WHAT THE EXERCISE ASKS: Transcribe the whole listing exactly, but do not carry over its pictures.

DATA:
------------------------------

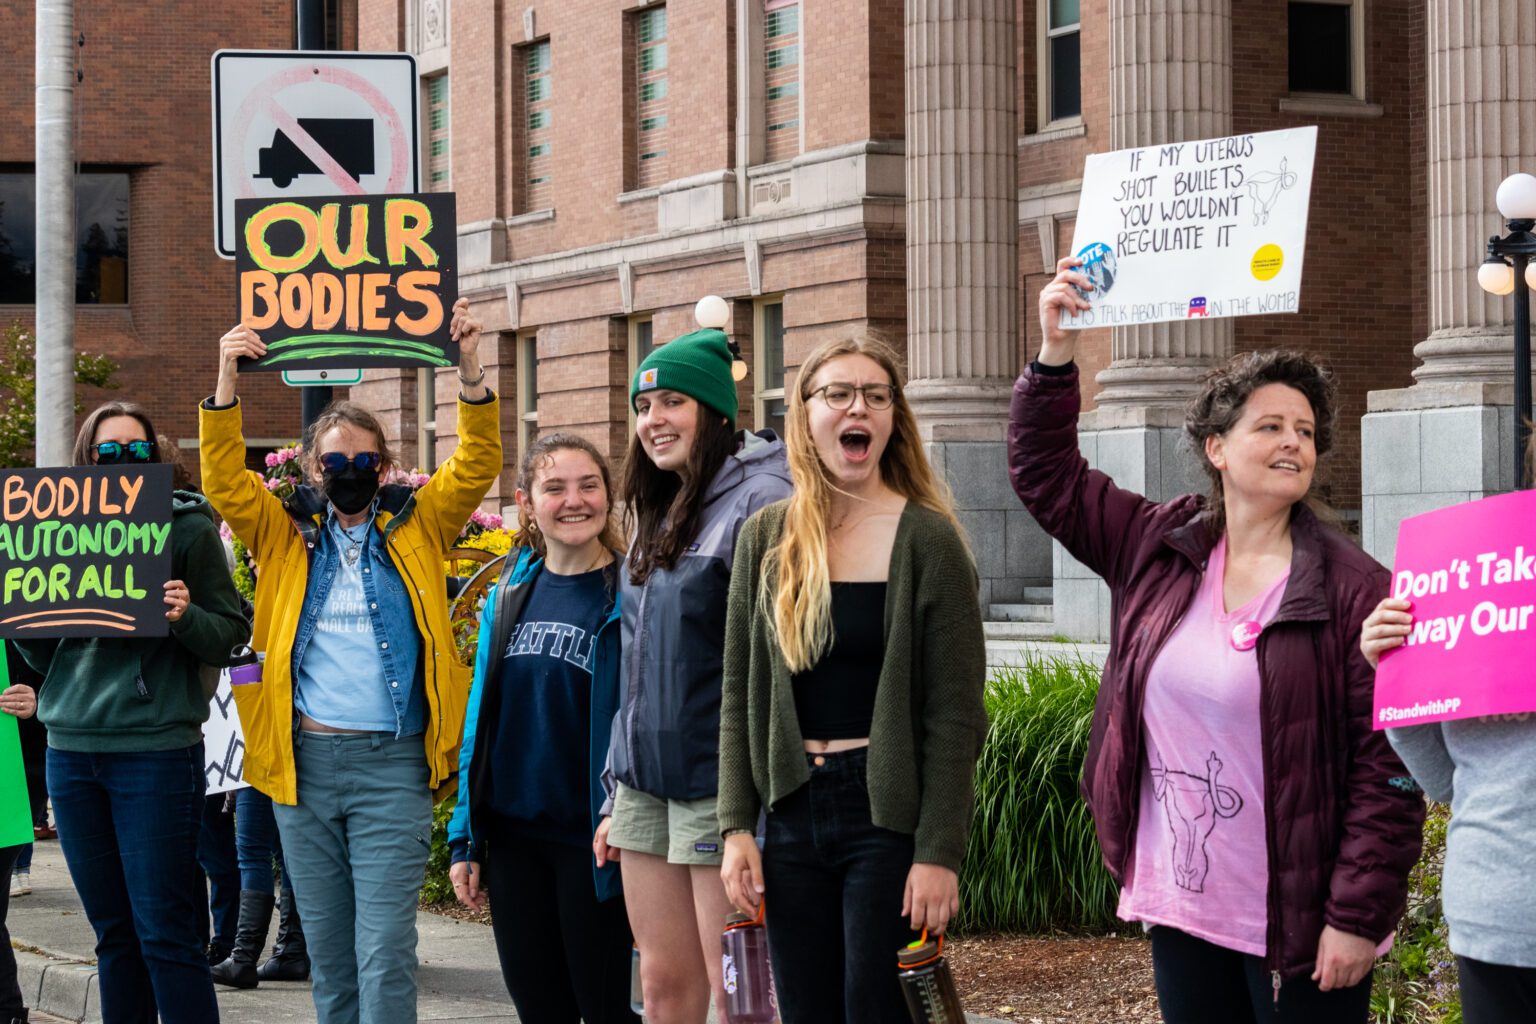 Reproductive rights protesters wave their signs at passing cars during the The Bans Off Our Bodies rally at the Skagit County Superior Courthouse in Mount Vernon on May 14.
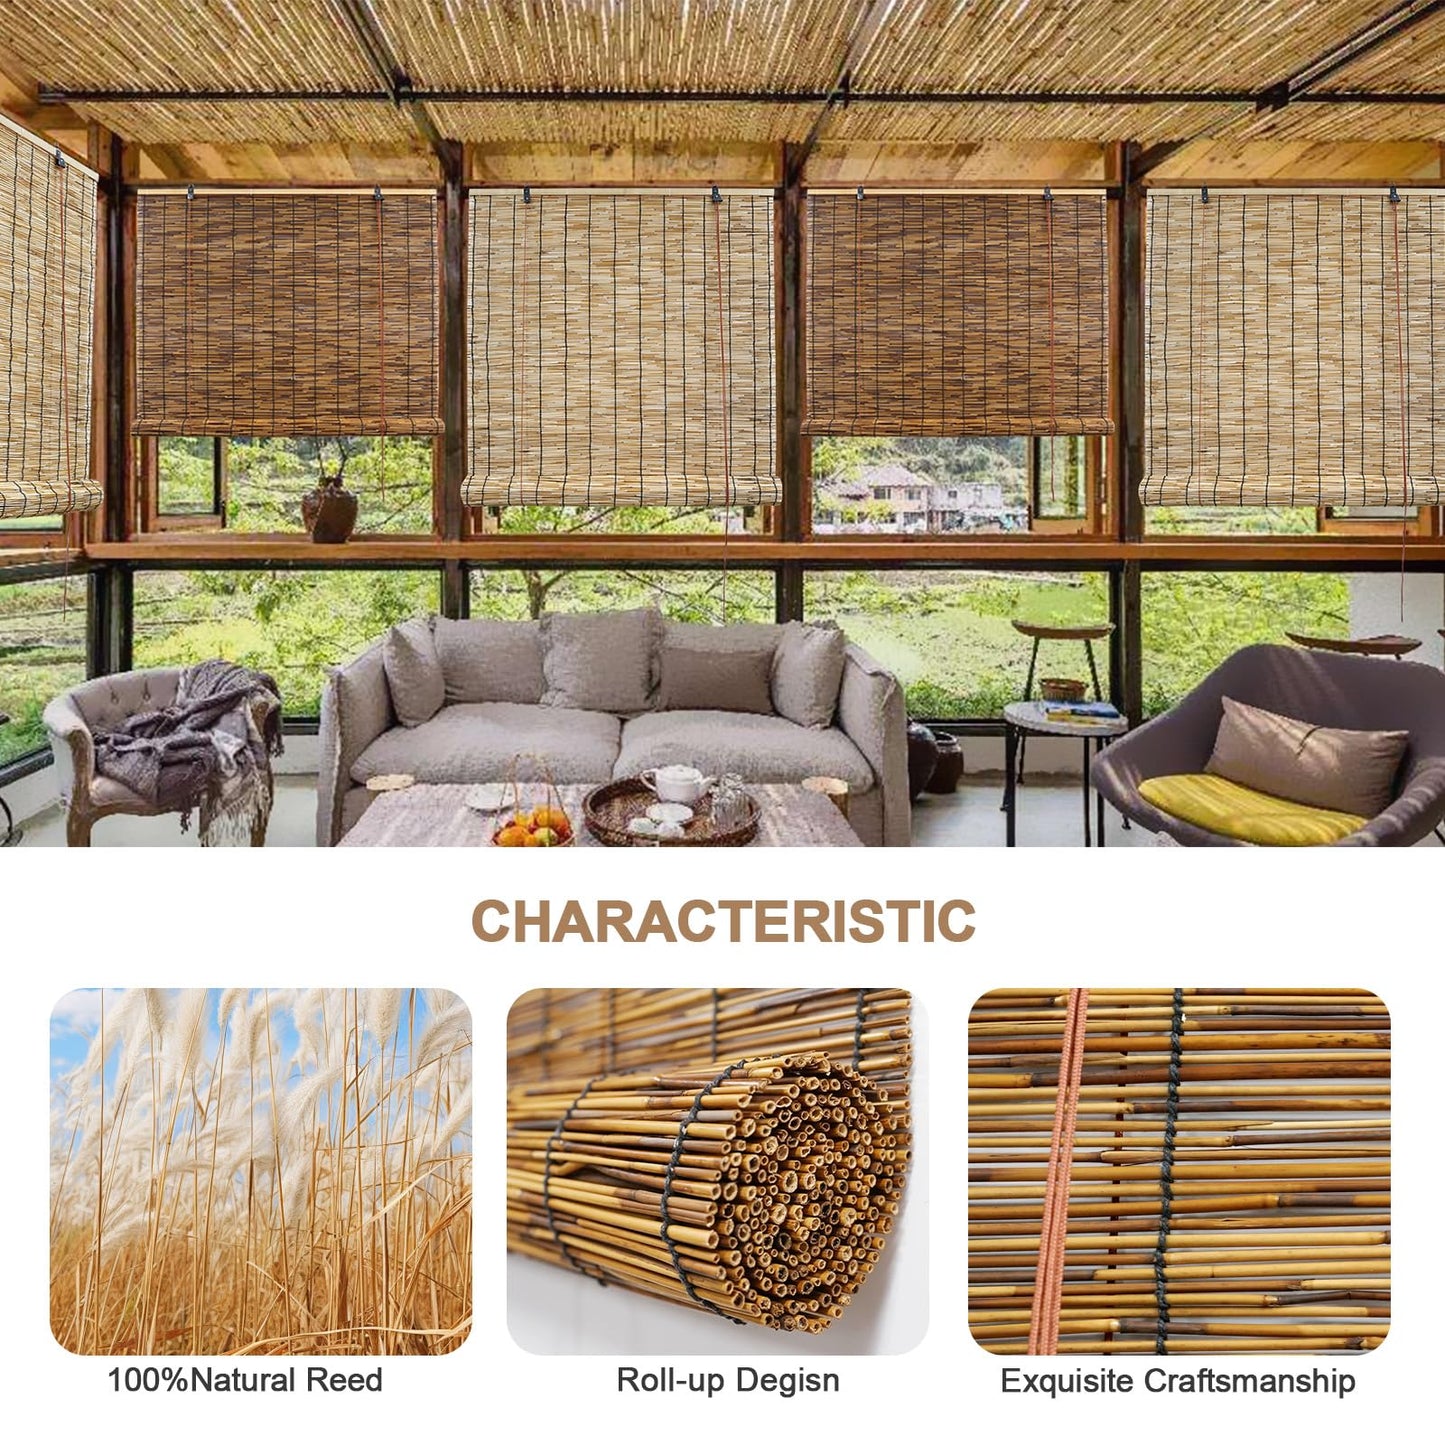 ORNDSDM Bamboo Blinds, Bamboo Shades, Bamboo Blinds for Outdoor Patio, Bamboo Shades for Patio, Custom Size, Outdoor Bamboo Shades for Restaurants, Resorts, Terraces, Balconies, Outdoor Leisure Places
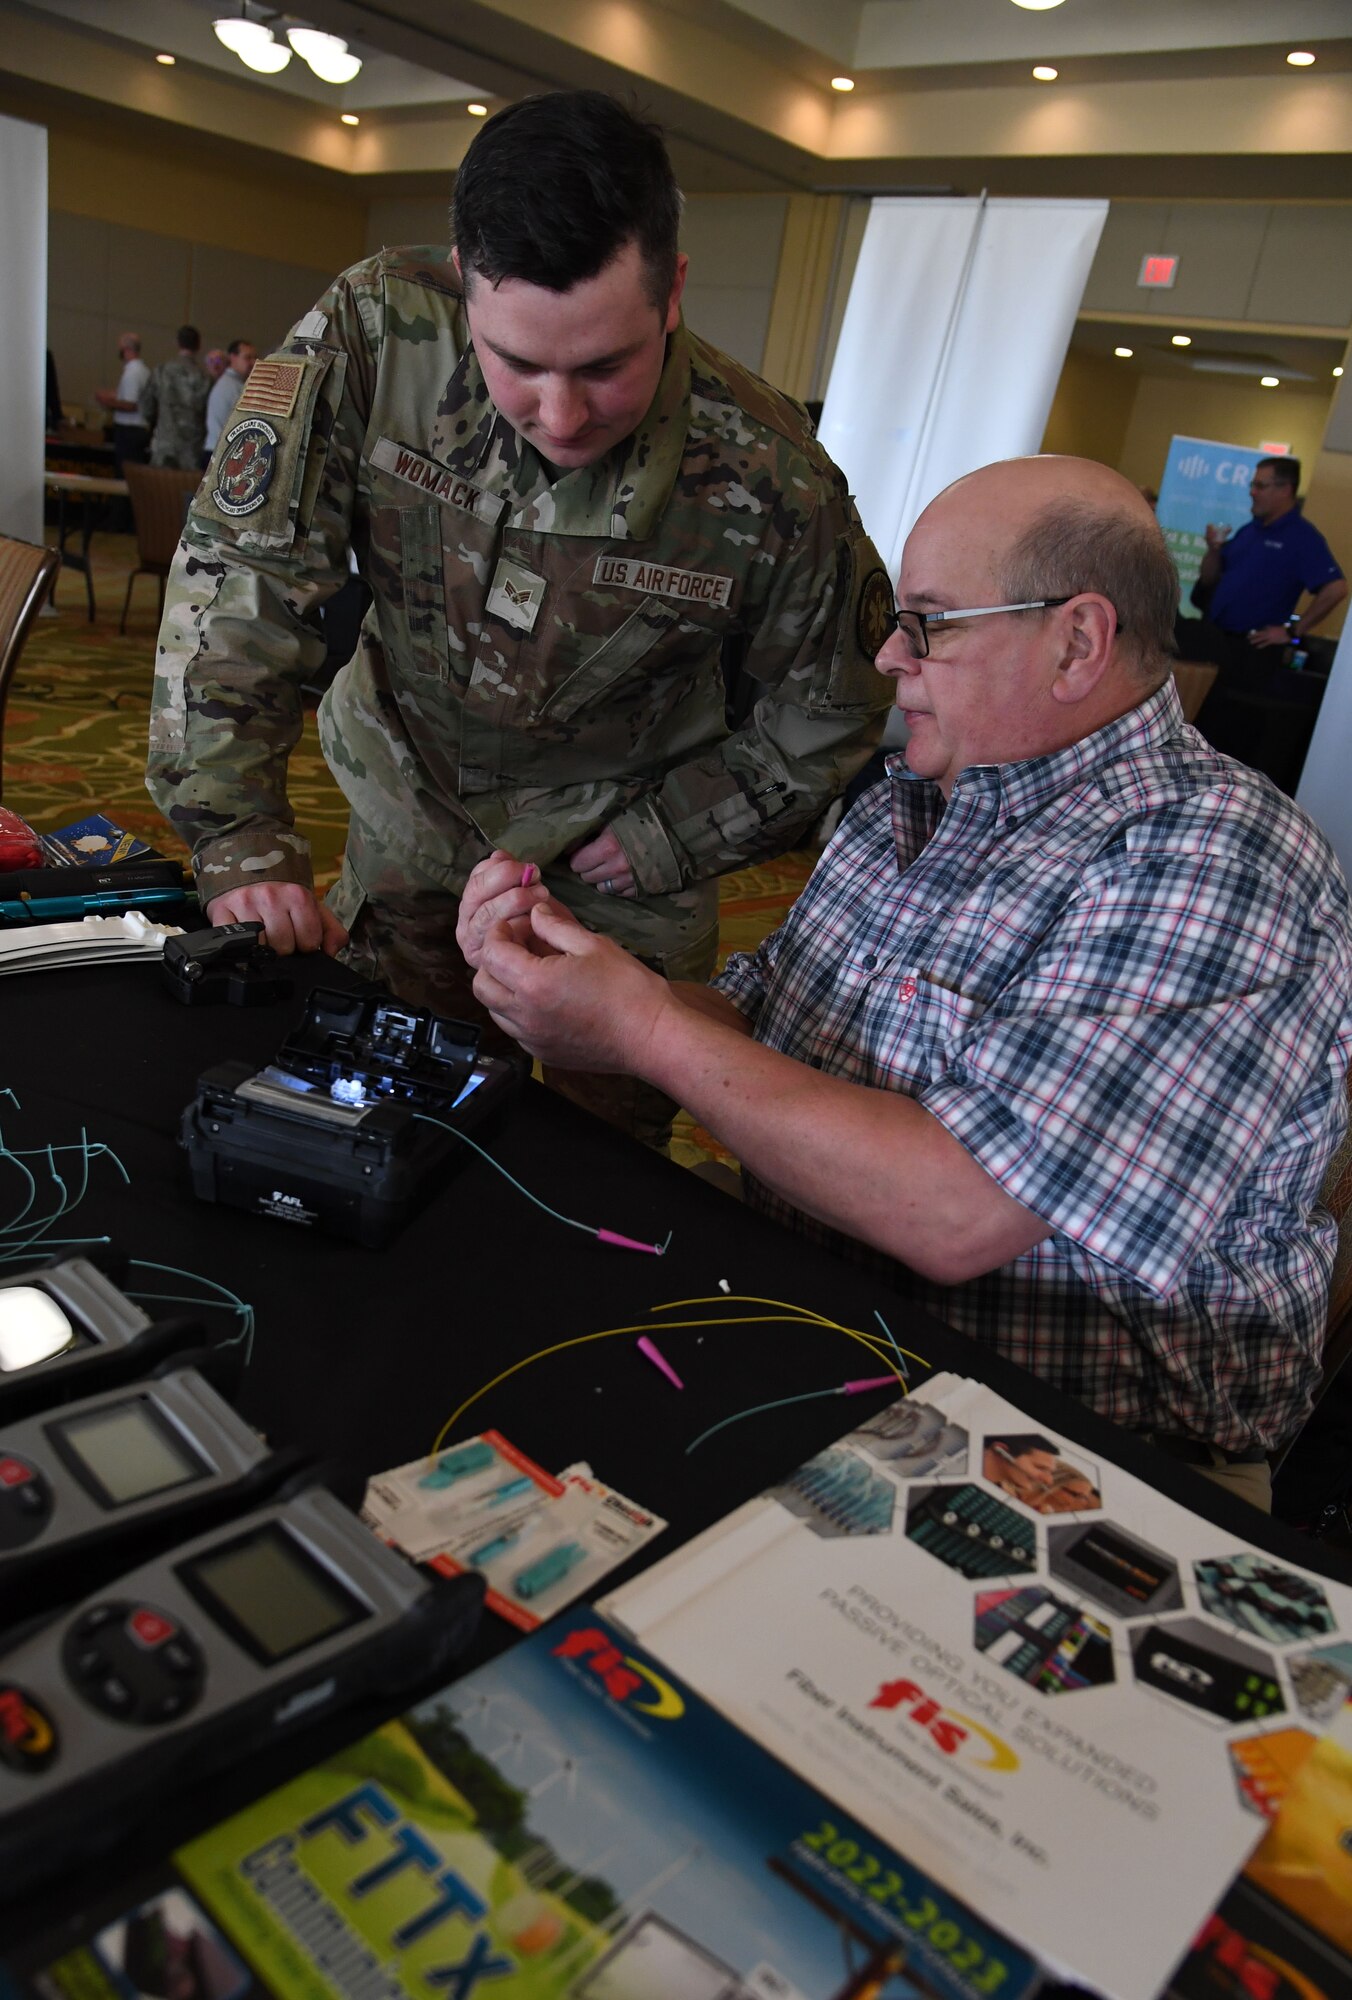 John DeMetro, Fis corporate accounts manager, provides an equipment overview to U.S. Air Force Senior Airman Taylor Womack, 81st Healthcare Operations Squadron medical technician, during the Technology Expo inside the Bay Breeze Event Center at Keesler Air Force Base, Mississippi, Feb. 16, 2023.
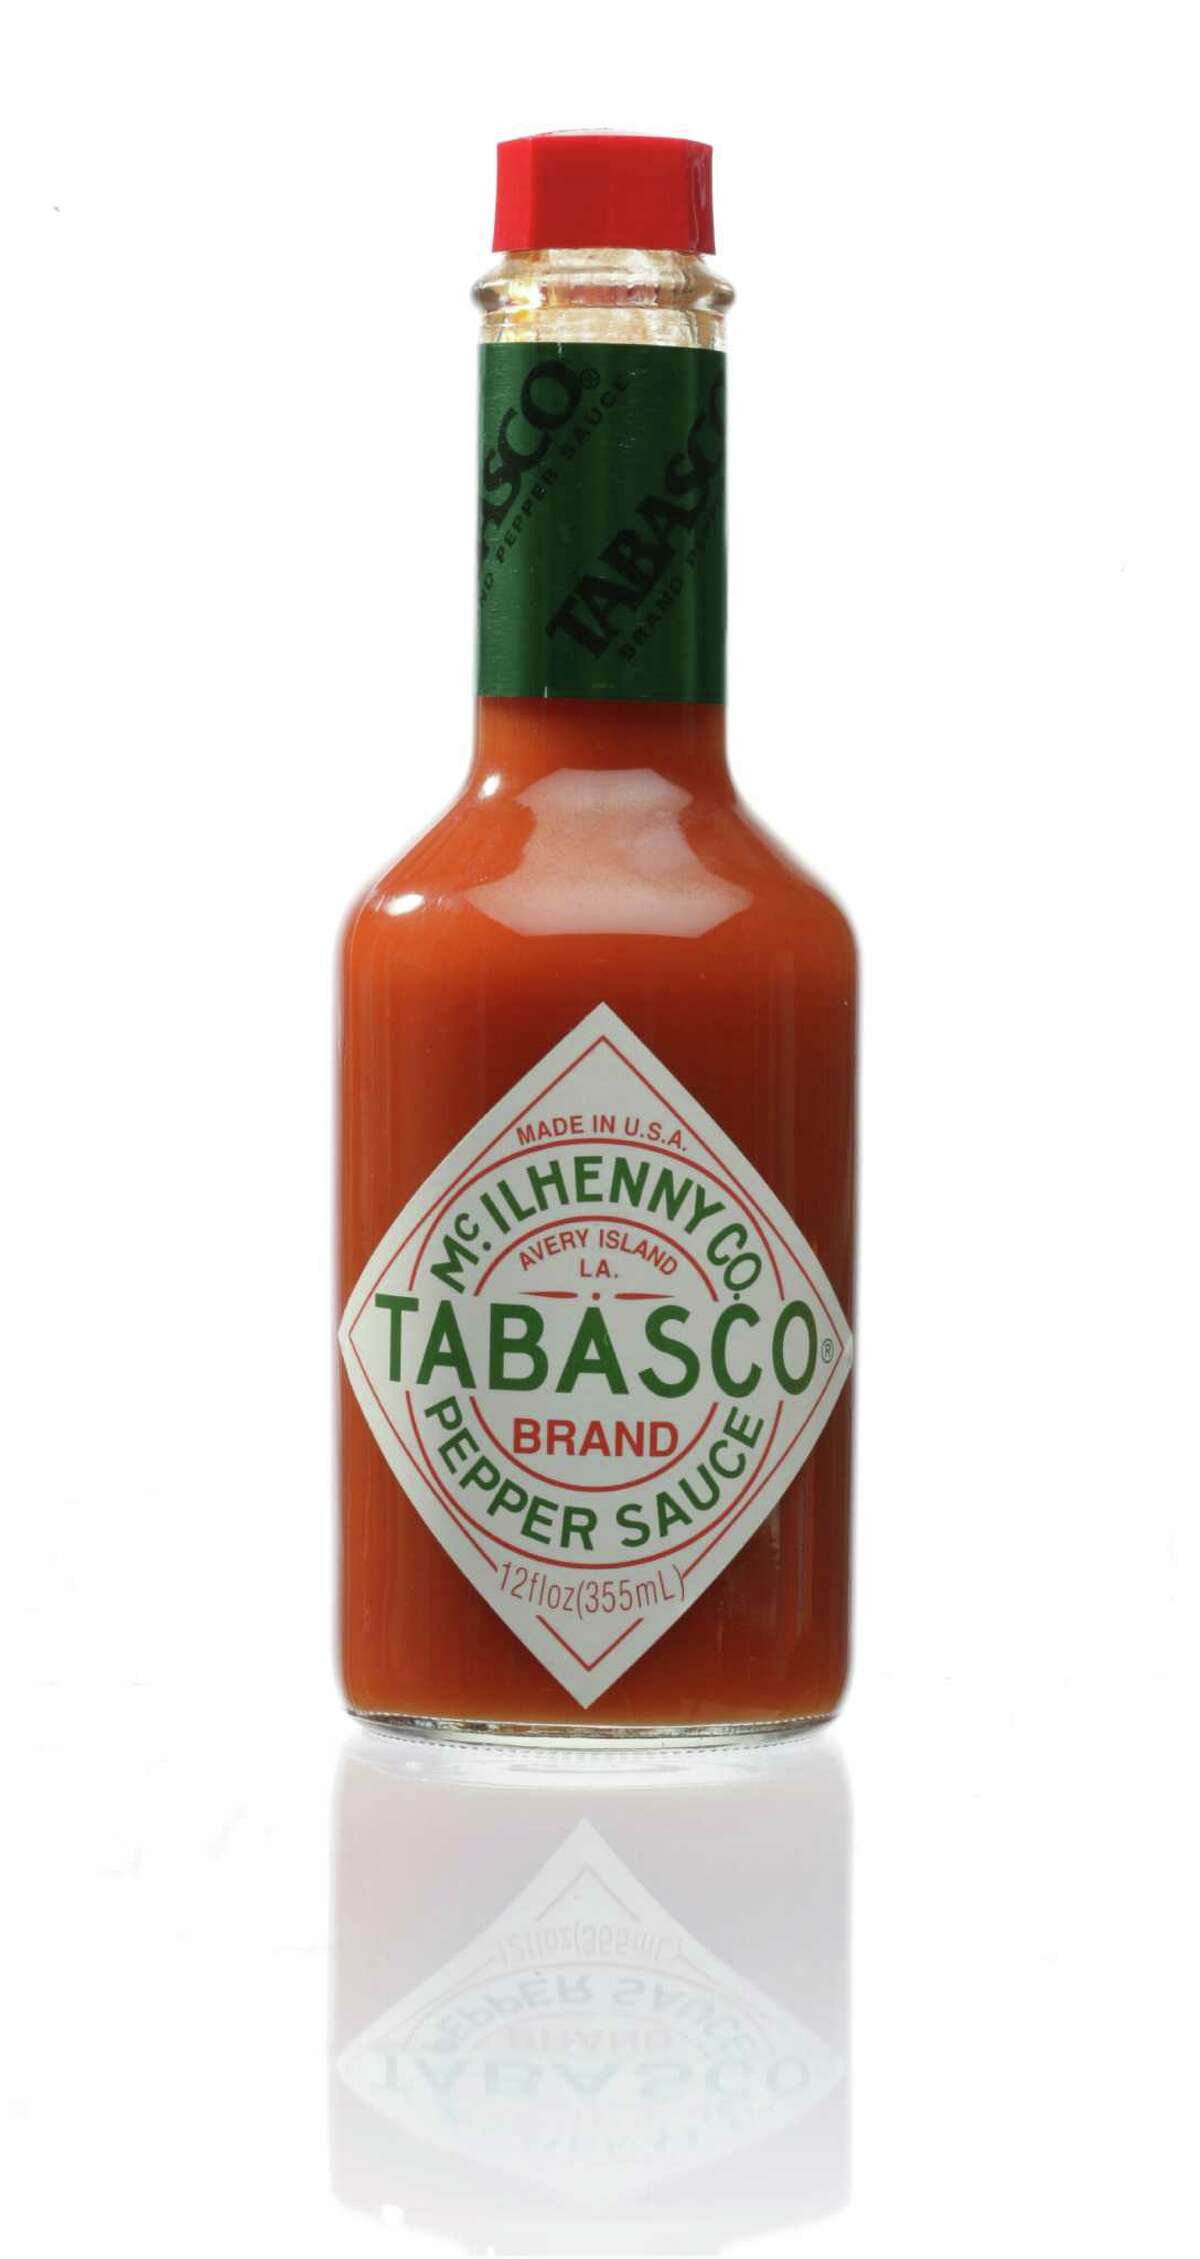 Original Tabasco sauce This clocks in at at between 2,500 and 5,000 Scoville units.

------------------------------

WRITTEN SOLUTION:
 Reproductive rights protesters wave their signs at passing cars during the The Bans Off Our Bodies rally at the Skagit County Superior Courthouse in Mount Vernon on May 14.
 ORNDSDM Bamboo Blinds, Bamboo Shades, Bamboo Blinds for Outdoor Patio, Bamboo Shades for Patio, Custom Size, Outdoor Bamboo Shades for Restaurants, Resorts, Terraces, Balconies, Outdoor Leisure Places
 John DeMetro, Fis corporate accounts manager, provides an equipment overview to U.S. Air Force Senior Airman Taylor Womack, 81st Healthcare Operations Squadron medical technician, during the Technology Expo inside the Bay Breeze Event Center at Keesler Air Force Base, Mississippi, Feb. 16, 2023.
 Original Tabasco sauce This clocks in at at between 2,500 and 5,000 Scoville units.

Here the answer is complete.